Gönderdiğiniz hediye harcadığınız paraya değdi mi?

Yarın yılbaşı ve aynı zamanda bayram. “Yardımlaşma ruhu”nu yücelten ve yükselten bu iki özel tarihin bir başka ortak özelliği ise “hediye ekonomisi”nin devreye girmesi ve insanların, şirketlerin, kurumların birbirlerine, sevdiklerine, yakınlarına, dostlarına, müşterilerine hediyeler vermesi. Geçtiğimiz 2-3 ay boyunca şirketlerin neredeyse tamamı yılbaşı hediyelerini seçmek, onları satın almak ve göndermek için uğraştılar, bunun için hatırı sayılır bütçeler harcadılar. Peki bu kadar uğraşının ve harcanan bu kadar paranın gerçekten karşılığı alınabiliyor mu? Bu sonunun yanıtı ne yazık ki büyük ölçüde olumsuz. Çünkü bu promosyon ve hediye yağmuru sonucunda şirketlerin pek azı harcadıkları paranın karşılığında istedikleri sonucu alabiliyorlar.

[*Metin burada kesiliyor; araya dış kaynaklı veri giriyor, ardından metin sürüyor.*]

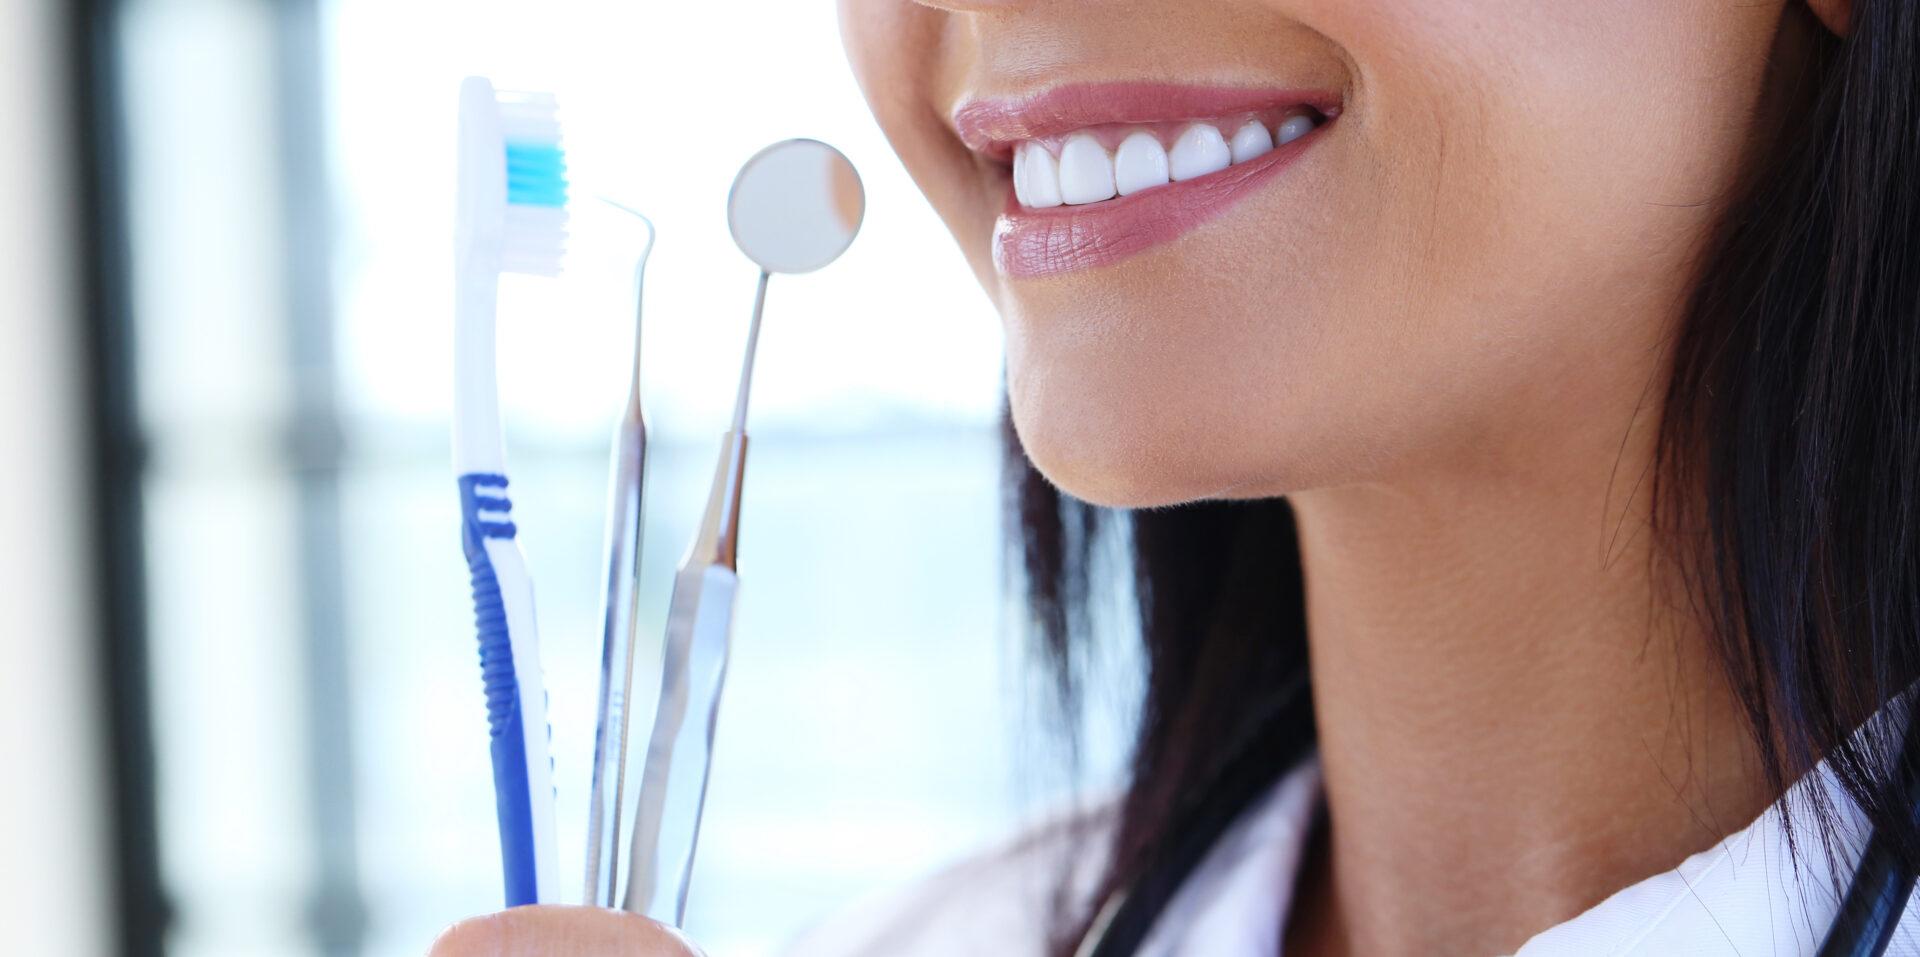 予防歯科は高齢になっても歯を残すために重要!インプラントにも

9 Kasım’da İstanbul Çırağan’da düzenlenen Lovemarks Konferansı’nda Saatchi & Saatchi’nin dünya CEO’su Kevin Roberts dışında Post İmaj Devri, Markaların İnovasyon Manifestosu gibi kitapların yazarı ve Türkiye’de Media Cat Dergisi’ndeki yazılarıyla tanıdığımız John Grant “Hediye” başlıklı bir sunum yapmıştı. Sunumuna “Eğer birinizin markanızı sevmesini istiyorsanız ona hediye verin” diye başlayan Grant, Fransız Sosyolog ve Antropolog Marcel Mauss’un 1924 yılında yayınladığı “Hediye” adlı makalesinden alıntı yaparak ekonominin mal ekonomisi ve hediye ekonomisi olarak ikiye ayrılabileceğini anlatmıştı.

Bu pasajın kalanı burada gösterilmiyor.